Your patch looks good to me.  I have verified some join cases as well
where the behaviour is sane after patch.  I have also done testing
with force_parallel_mode=regress (ran make check-world) and everything
seems good.

-- 
With Regards,
Amit Kapila.
EnterpriseDB: http://www.enterprisedb.com

Re: TPC-H Q20 from 1 hour to 19 hours!

From

Rafia Sabih

Date:

31 March 2017, 14:53:43

On Fri, Mar 31, 2017 at 5:13 PM, Amit Kapila <amit.kapila16@gmail.com> wrote:
> On Thu, Mar 30, 2017 at 8:24 AM, Robert Haas <robertmhaas@gmail.com> wrote:
>> On Wed, Mar 29, 2017 at 8:00 PM, Tomas Vondra
>> <tomas.vondra@2ndquadrant.com> wrote:
>>> What is however strange is that changing max_parallel_workers_per_gather
>>> affects row estimates *above* the Gather node. That seems a bit, um,
>>> suspicious, no? See the parallel-estimates.log.
>>
>> Thanks for looking at this!  Comparing the parallel plan vs. the
>> non-parallel plan:
>>
>> part: parallel rows (after Gather) 20202, non-parallel rows 20202
>> partsupp: parallel rows 18, non-parallel rows 18
>> part-partsupp join: parallel rows 88988, non-parallel rows 355951
>> lineitem: parallel rows 59986112, non-parallel rows 59986112
>> lineitem after aggregation: parallel rows 5998611, non-parallel rows 5998611
>> final join: parallel rows 131, non-parallel rows 524
>>
>> I agree with you that that looks mighty suspicious.  Both the
>> part-partsupp join and the final join have exactly 4x as many
>> estimated rows in the non-parallel plan as in the parallel plan, and
>> it just so happens that the parallel divisor here will be 4.
>>
>> Hmm... it looks like the parallel_workers value from the Gather node
>> is being erroneously propagated up to the higher levels of the plan
>> tree.   Wow.   Somehow, Gather Merge managed to get the logic correct
>> here, but Gather is totally wrong.  Argh.   Attached is a draft patch,
>> which I haven't really tested beyond checking that it passes 'make
>> check'.
>>
>
> Your patch looks good to me.  I have verified some join cases as well
> where the behaviour is sane after patch.  I have also done testing
> with force_parallel_mode=regress (ran make check-world) and everything
> seems good.
>
> --

I tried checking the plan of Q20 with this patch, and got the following results,
with patch,
->  Merge Join  (cost=3025719.98..3499235.22 rows=6 width=16) (actual
time=176440.801..245903.143 rows=118124 loops=1)
                           Merge Cond: ((lineitem.l_partkey =
partsupp.ps_partkey) AND (lineitem.l_suppkey = partsupp.ps_suppkey))
                           Join Filter:
((partsupp.ps_availqty)::numeric > ((0.5 * sum(lineitem.l_quantity))))
and without patch,
->  Merge Join  (cost=3014830.12..3511637.54 rows=2 width=16) (actual
time=130994.237..208887.149 rows=118124 loops=1)
                                 Merge Cond: ((partsupp.ps_partkey =
lineitem.l_partkey) AND (partsupp.ps_suppkey = lineitem.l_suppkey))
                                 Join Filter:
((partsupp.ps_availqty)::numeric > ((0.5 * sum(lineitem.l_quantity))))
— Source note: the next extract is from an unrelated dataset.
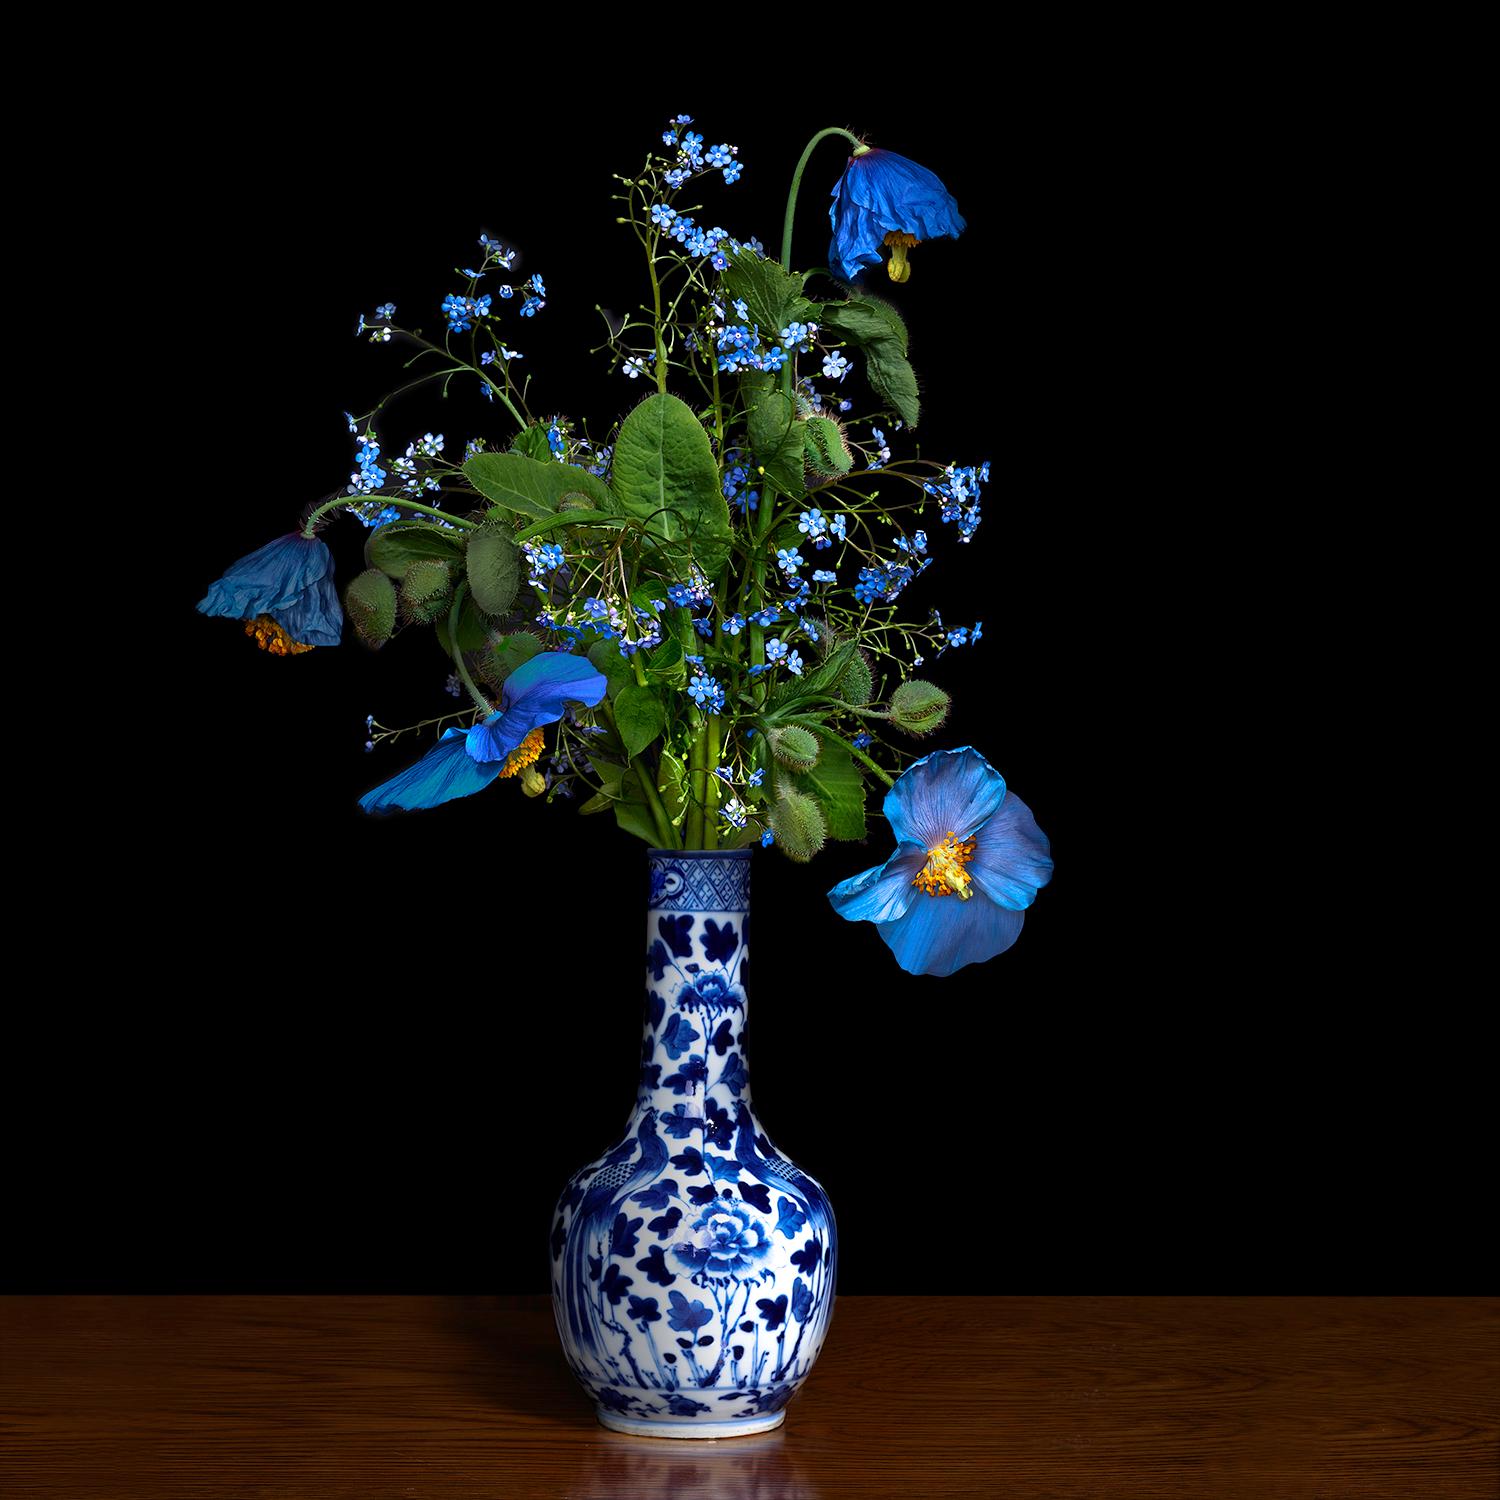 T.M. Glass Still-Life Photograph - Blue Poppy in a Blue and White Chinese Vase
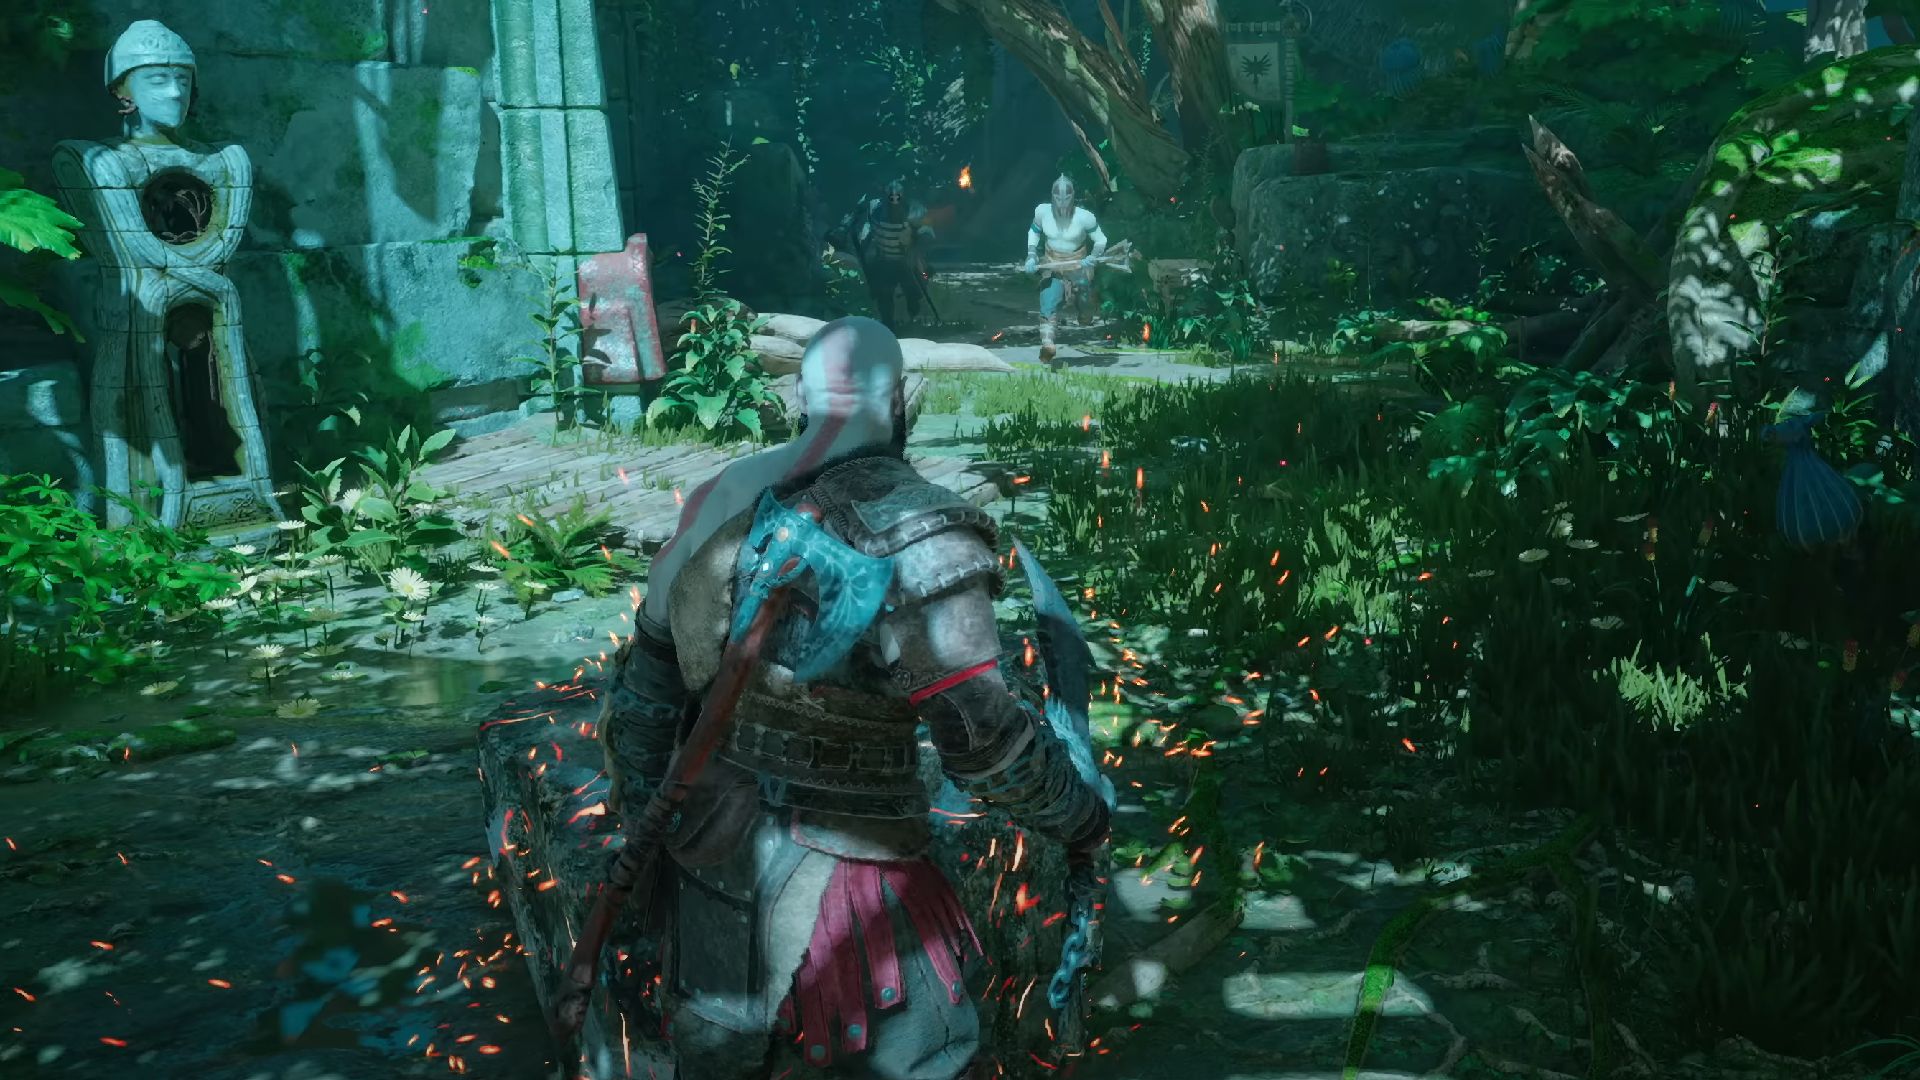 God of War Ragnarok Weapons: Kratos can be seen holding the Blades of Chaos

So, it looks like in the problematic area, it is not improving much.
Please find the attached file for the query plan of Q20 with and
without patch. I haven't evaluated the performance of this query with
patch.
-- 
Regards,
Rafia Sabih
EnterpriseDB: http://www.enterprisedb.com/

Attachment

q20_after_gather_fix_patch.txt

Re: TPC-H Q20 from 1 hour to 19 hours!

From

Robert Haas

Date:

01 April 2017, 03:57:28

On Fri, Mar 31, 2017 at 7:53 AM, Rafia Sabih
<rafia.sabih@enterprisedb.com> wrote:
> So, it looks like in the problematic area, it is not improving much.
> Please find the attached file for the query plan of Q20 with and
> without patch. I haven't evaluated the performance of this query with
> patch.

Yeah, I don't think this patch is fixing whatever is going wrong with
Q20.  It's just a problem Tomas found while investigating that issue.
Unfortunately, I don't think we know what's really going on here yet.

-- 
Robert Haas
EnterpriseDB: http://www.enterprisedb.com
The Enterprise PostgreSQL Company

Re: TPC-H Q20 from 1 hour to 19 hours!

From

Tomas Vondra

Date:

01 April 2017, 05:29:38

On 04/01/2017 02:57 AM, Robert Haas wrote:
> On Fri, Mar 31, 2017 at 7:53 AM, Rafia Sabih
> <rafia.sabih@enterprisedb.com> wrote:
>> So, it looks like in the problematic area, it is not improving much.
>> Please find the attached file for the query plan of Q20 with and
>> without patch. I haven't evaluated the performance of this query with
>> patch.
> 
> Yeah, I don't think this patch is fixing whatever is going wrong with
> Q20.  It's just a problem Tomas found while investigating that issue.
> Unfortunately, I don't think we know what's really going on here yet.
> 

Yeah, it's just a side-bug. I'll look into the issue again once I get 
back home from pgconf.us, it's a little bit difficult to investigate 
this over ssh on the in-flight wifi :-/

My hunch is that the two foreign keys interfere in some strange way, 
i.e. we should apply just one and end up applying both, or something 
like that. Or perhaps it gets confused by the join-to-aggregated-rel?.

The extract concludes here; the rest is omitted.